E’ un periodo particolarmente attivo per Umberto Maria Giardini. Dopo aver riesumato nel 2020, per lo spazio di un disco e di un tour celebrativo, lo storico moniker Moltheni, nel 2024 ha dato vita a ben due progetti paralleli completamente diversi fra loro. Il primo ha preso le sembianze di un Ep diffuso a proprio nome, “Dio come alibi”, tre tracce a tinte alt-folk con decisivi ricami jazz e psych, registrato con il supporto di Paolo Fresu e Daniele di Bonaventura, il secondo dai tratti inequivocabilmente hard-psych-rock, “Selva Oscura”.
Soltanto chi non conosce a fondo la storia e il percorso artistico di Umberto può sorprendersi al cospetto di un nuovo lavoro tanto ruvido. Parliamo di un cantautore, e di un musicista, dotato di un eclettismo che va ben oltre quanto le sue ballate più malinconiche e introspettive possano far immaginare.

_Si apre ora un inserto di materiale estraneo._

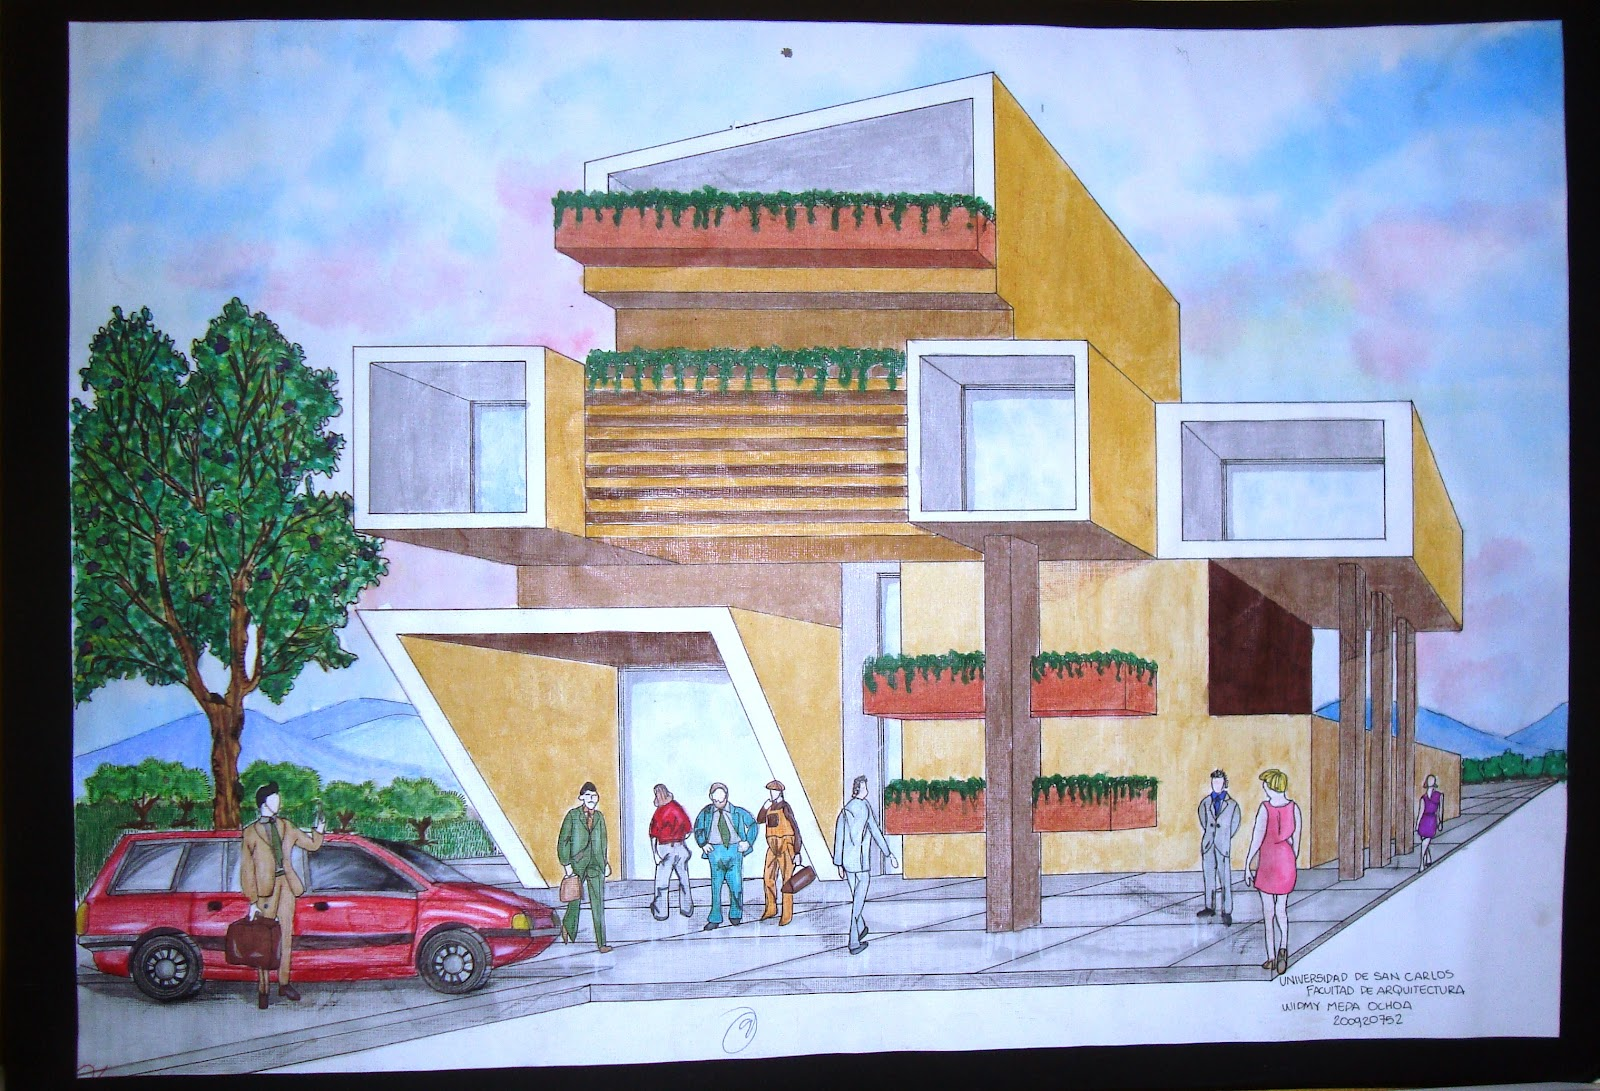 Portafolio dise o arquitectonico 4 presentacion for Donde puedo estudiar arquitectura
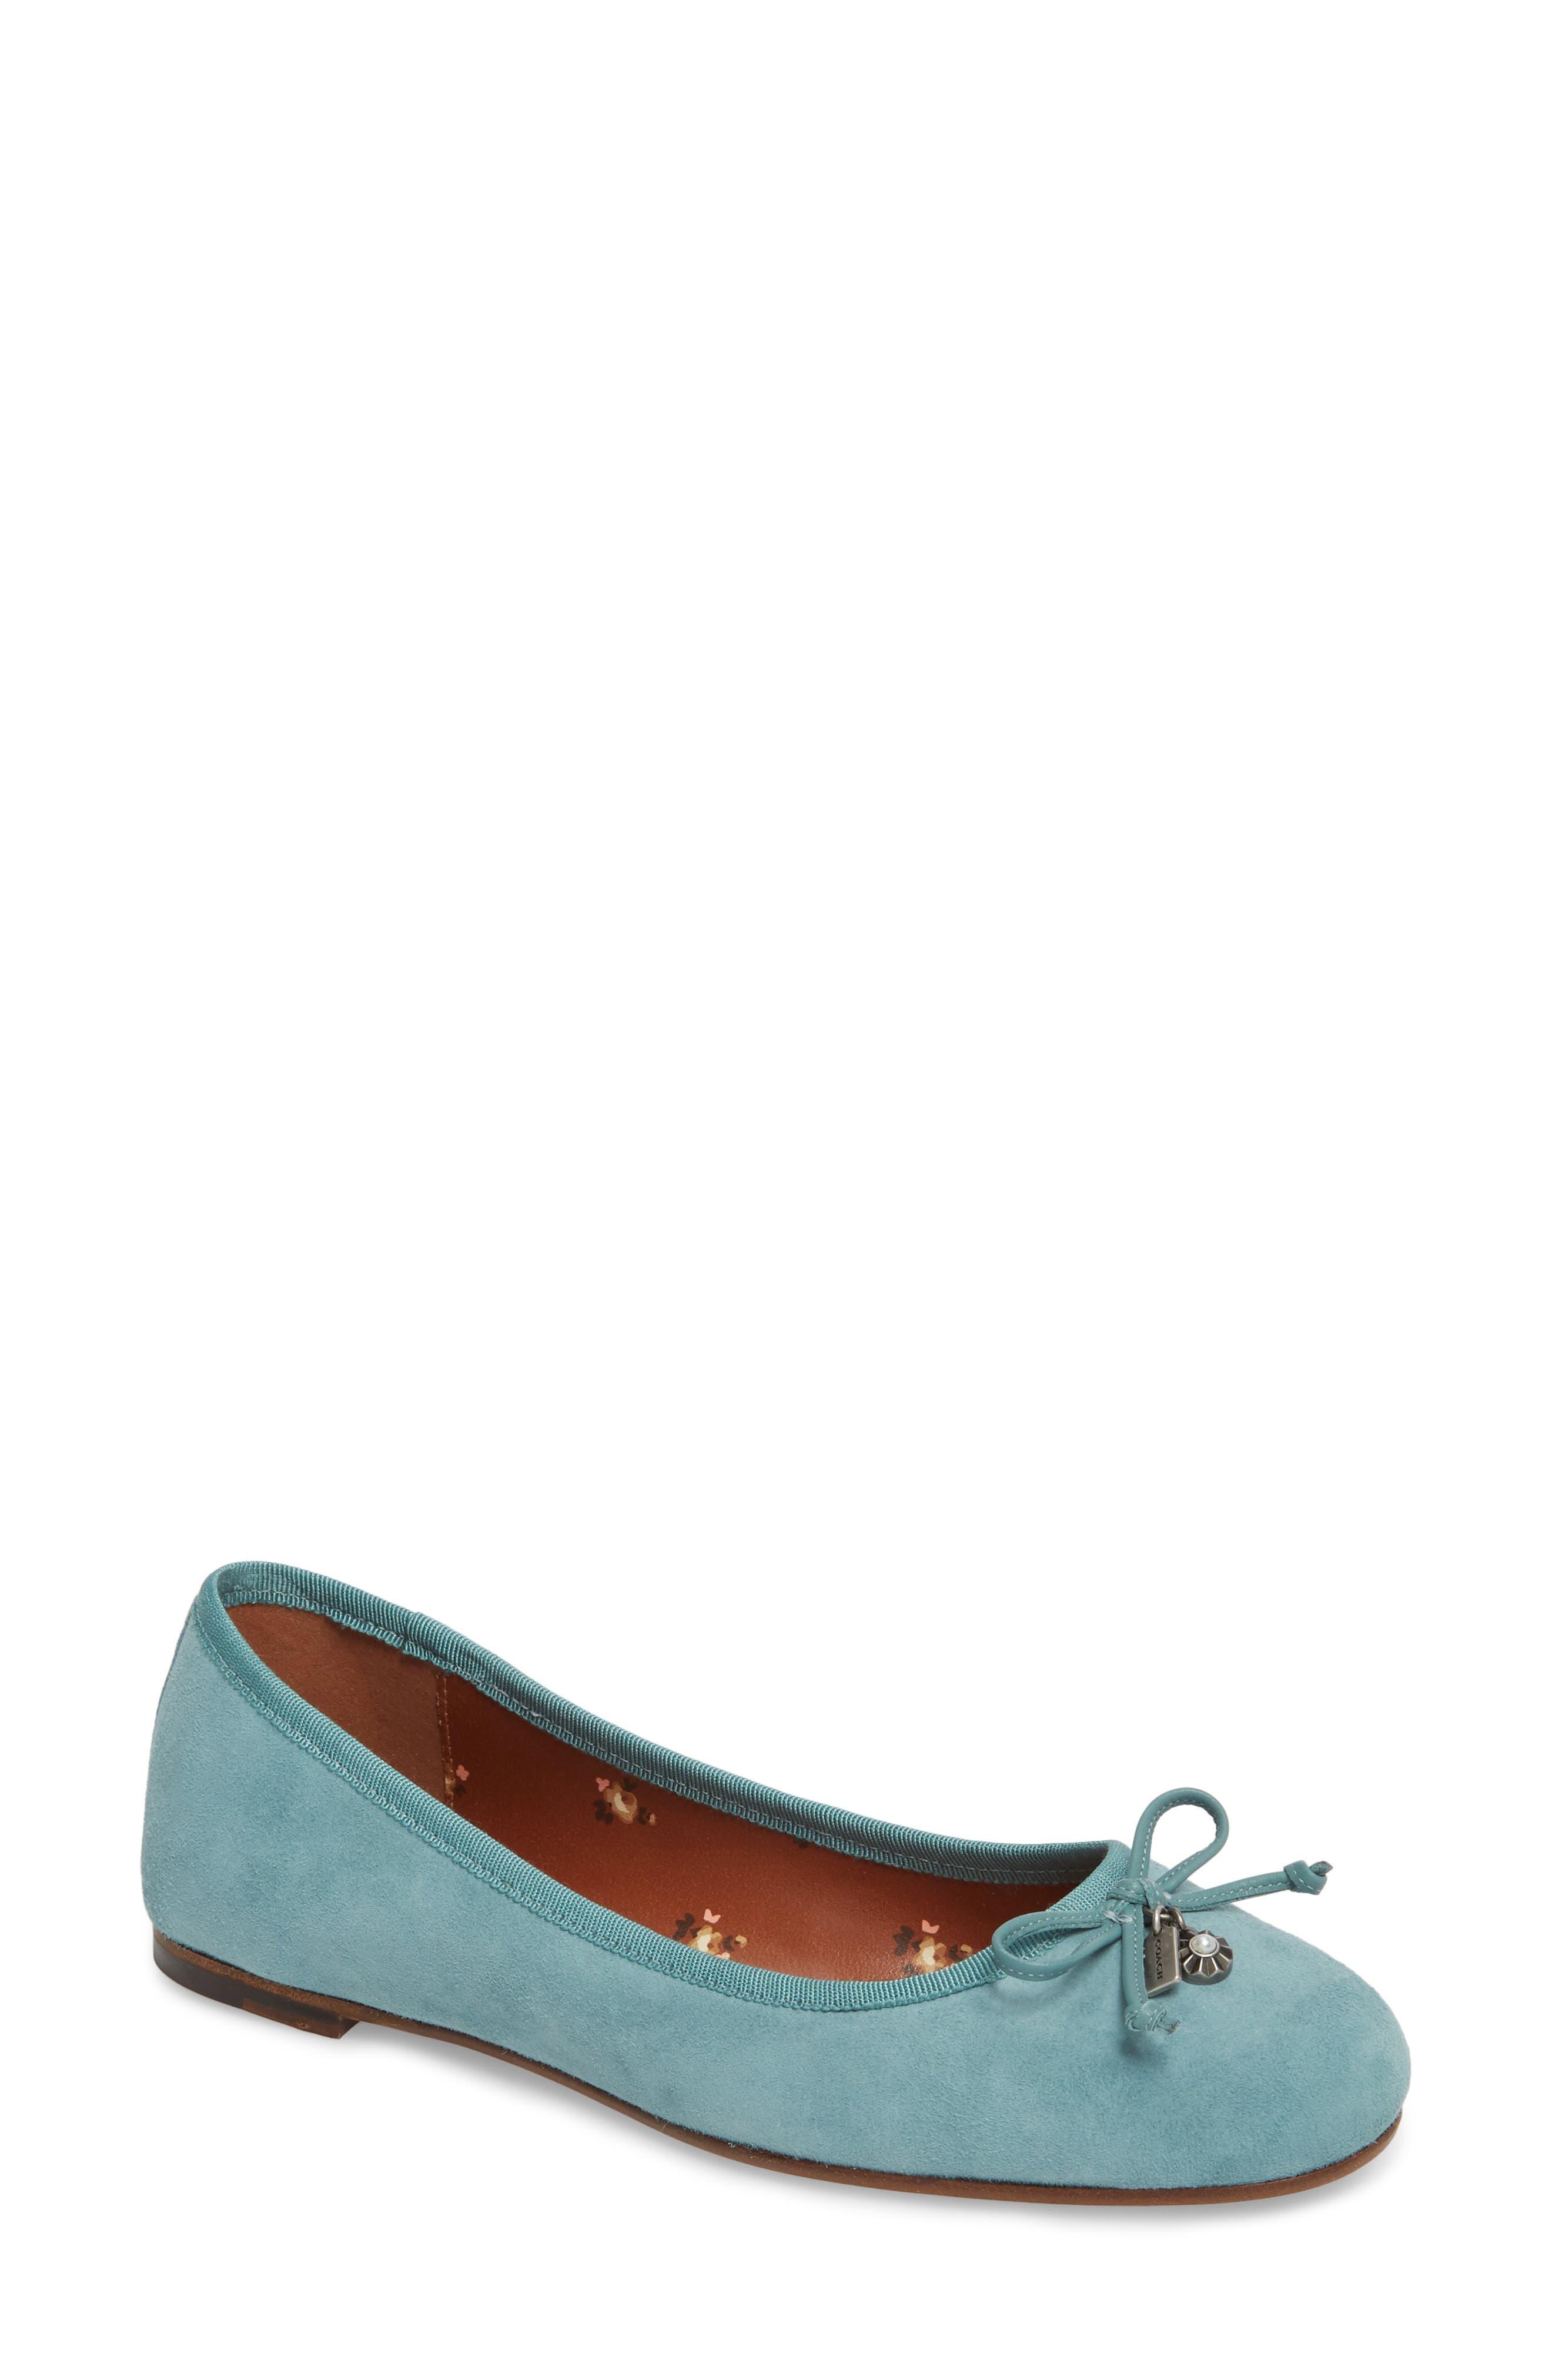 Lola Ballet Flat,                             Main thumbnail 1, color,                             Marine Leather

Basti riprendere alcuni passaggi dall’ottimo “Forma Mentis”, risalente al 2019, oppure molti frangenti contenuti nei primi dischi distribuiti a nome Moltheni, a cavallo fra i due millenni, canzoni sviluppate con in testa le scariche adrenaliniche degli Afterhours della seconda metà degli anni Novanta.
Il nuovo progetto Selva Oscura identifica una vera e propria rock band di quattro elementi, formata da Giardini con Enrico Blanzieri (chitarre) e i fratelli Michele e Filippo Dallamagnana, rispettivamente basso e batteria. Il quartetto genera un suono iper-saturo, ronzante, diretto, sul quale si innesta la voce potente di Giardini, che si conferma a proprio agio in qualsiasi contesto.
Apre i giochi “Mercurio”, presentando subito un mood che si posiziona a metà strada fra Soundgarden e Afterhours, con riff heavy a delineare una forma di stoner intinto nel grunge. Le cinque tracce di “Selva Oscura”, pur non possedendo una matrice canonicamente metal, si presentano ricche di spigoli ed elettricità, elementi confermati nelle successive “Oceano di nessuno” e “Ipernotte”, dove in mezzo al caos chitarristico emerge netta la melodia, sottolineata dai caratteristici passaggi vocali di Umberto.
La parte finale si spinge verso territori a maggior coefficente lisergico, fra l’evocativa “Tu che domini”, il momento più alto del disco, con tanto di assolo di chitarra molto anni Settanta, e l’ipnotico misticismo di “Thai” a lasciar immaginare ipotetici scenari a venire. Rispolverando vecchie magliette di Kvelertak e Soundgarden.